While Ethereum and Bitcoin are based on the Proof-of-Work (PoW) mechanism for transaction verification, EOS is based on the Delegated Proof of Stake (DPoS). The “Delegated Proof of Stake“, an evolution of the PoS, is more robust and secure. The DPoS algorithm is divided into 2 parts:
- The election process, which provides control to the owners of the cryptocurrency;
- Scheduling of production.
Daniel Larimer realised that mining bitcoin is too expensive and set himself the goal of creating an efficient and very fast system capable of processing a very high number of transactions per second: 100,000 tx/s. He called it Delegated Proof of Stake (D-PoS).
A cryptocurrency, a blockchain, a community, a set of computers and some rules.
In the PoS system, the entire network is involved in the confirmation of a transaction. In the D-PoS system, however, this responsibility does not fall on the entire network but is carried out by a limited number of delegates.
These delegates are elected by the entire network with a system of democracy representative of the consensus, which in turn has a weight that is proportional to the number of tokens owned by the voters. The delegates are then responsible for the secure validation of every single transaction on the network.
This last point is the most controversial: those who own more tokens have a higher vote compared to those who own less. A greater number of tokens means more influence. If one of the delegates for some reason begins to behave incorrectly, the community can at any time move their vote and then dethrone it by electing a new delegate.
The system works if the whole community is aware of the voting mechanism. That’s why it’s essential to understand and know the functioning principles of cryptocurrencies.
EOS, 21 block producers and the controversy over decentralisation
The system has 21 block producers who are responsible for validating each block. These 21 nodes (full-nodes) allow to significantly increase the number of transactions that are processed every second.
Each of these block producers can process only one block at a time.

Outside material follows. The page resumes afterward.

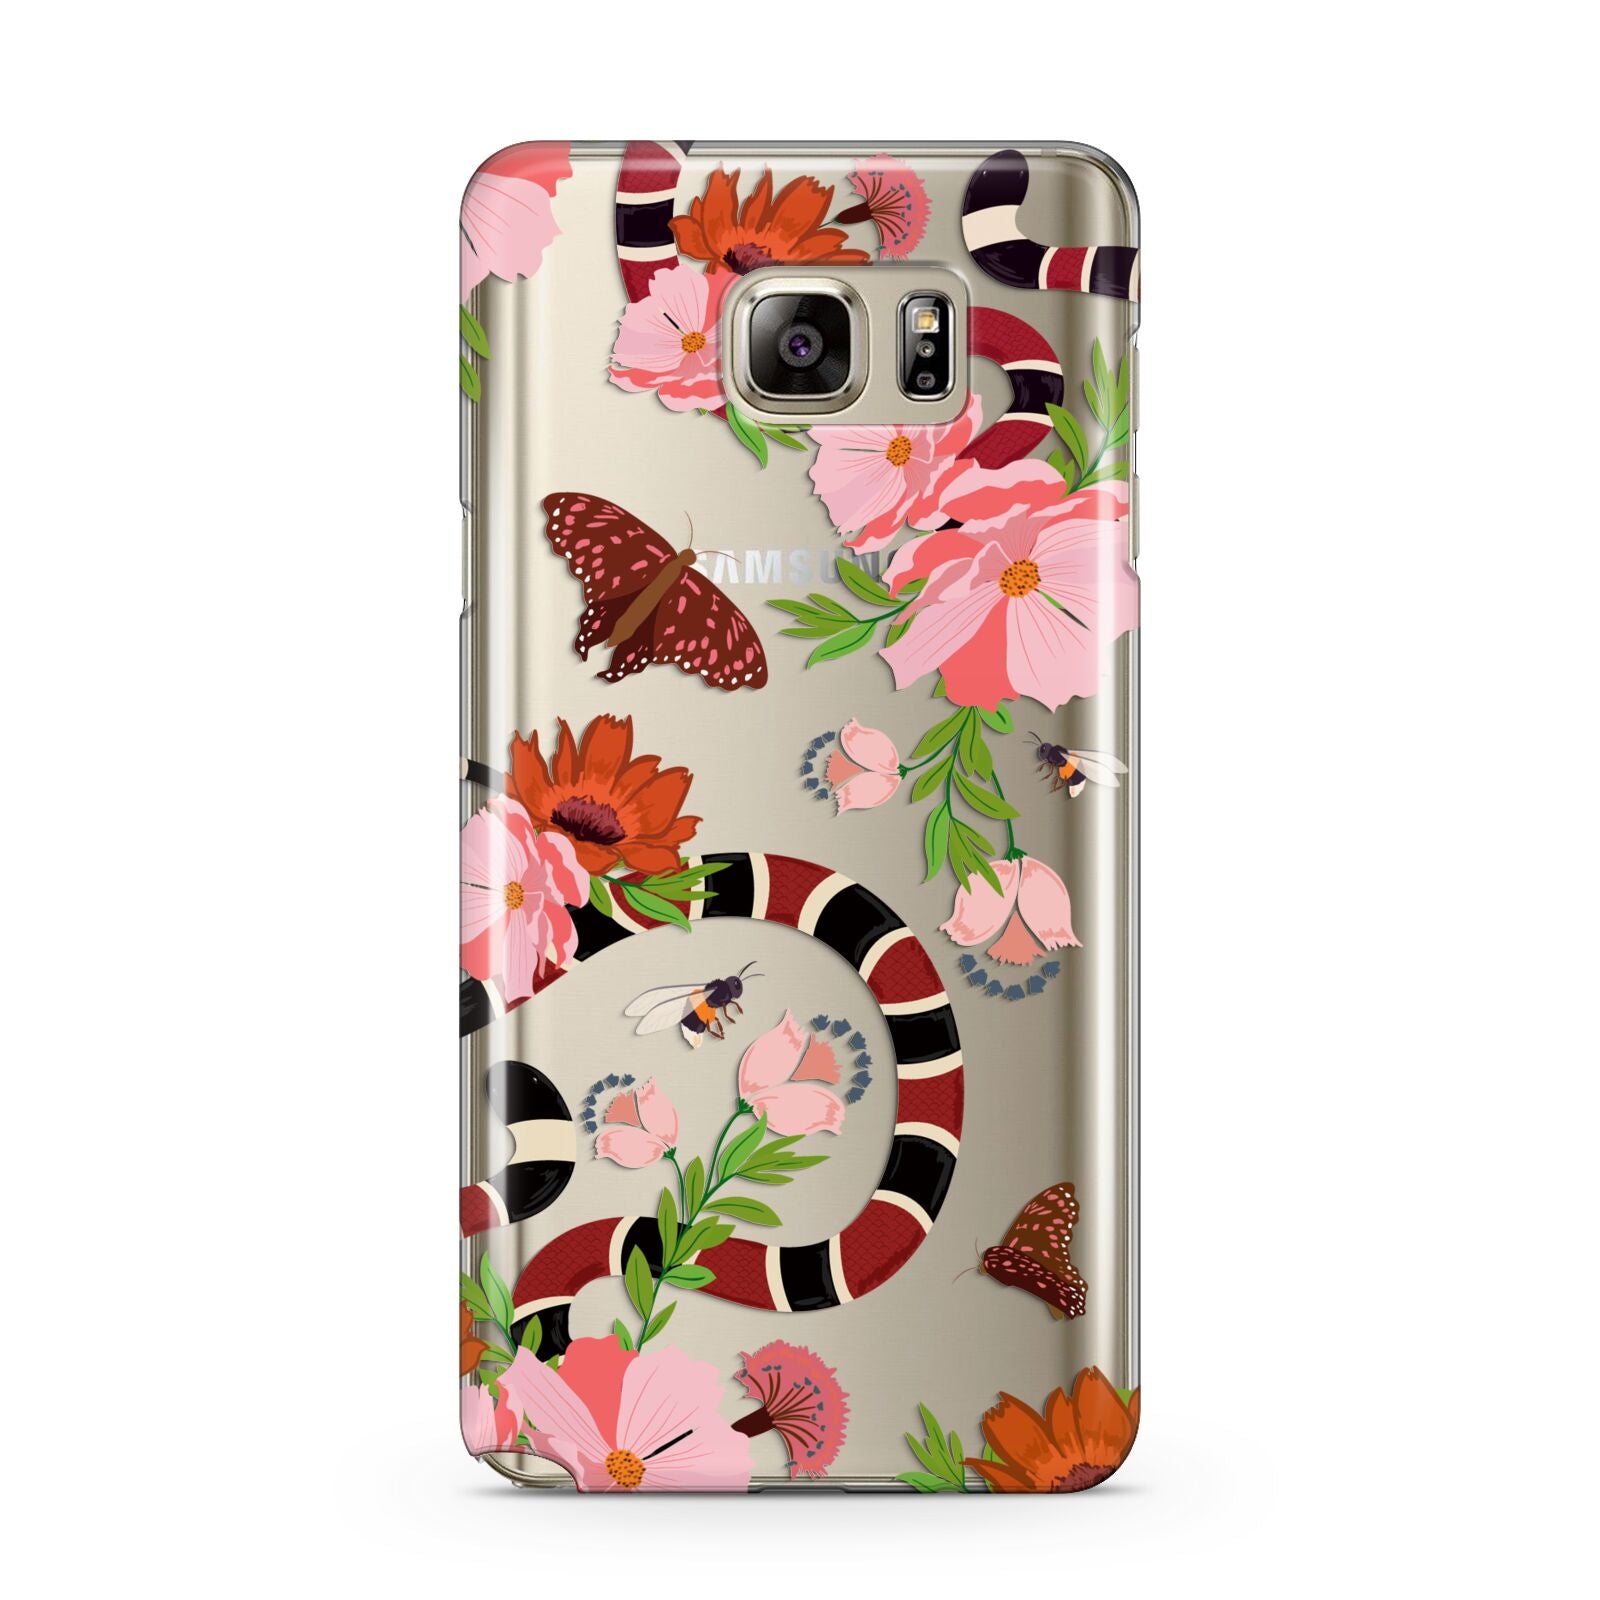 Floral Snake Samsung Galaxy Note 5 Case

Each node in the network can become one of the block-producers but can also be removed from this role if for some reason they do not respect the rules of the blockchain.
Dan Larimer has proposed this mechanism to guarantee absolute decentralisation. In fact, the alleged decentralisation of EOS has been the subject of many discussions. With its electoral system, EOS has always claimed to be highly democratised because, just like TRON, it allows users to vote and to make decisions on what they want.
Consequently, the system should function a bit like a representative, but digital, democracy. However, the number of block producers, which corresponds to 21 users/companies, is quite small.
In October 2018 Block.one, the developer of the block-block EOS protocol, was accused of allowing voting manipulation on its network.
The accusations were immediately denied by the CEO Brendan Blumer. Further controversy emerged when, last winter, one of the arbitrators of the EOS network reversed some of the transactions already confirmed by the network. The decision was taken following some unlawful actions carried out on the account involved in the matter.
EOS, the future and the most interesting projects
Block.One is working to improve EOS from various points of view. The company recently registered a new patent for a digital identity (DI) recognition system. Larimer is working on a solution to the scalability issue of the blockchain.
At the end of July, the first version of Eosfinex, the decentralised exchange based on the EOSio software, was released. It is a platform that allows trustless trading with full exclusive control of funds, based on an open-source technology.
In addition, it has very low fees and offers all major cryptocurrencies, such as BTC, ETH and EOS, which can be traded for a version of Tether based on EOS.
EOS has also generated several sisterchains with separate projects, an example is WORBLI, which recently announced that it has updated the number of its Block Producers (BP), from 32 to 15.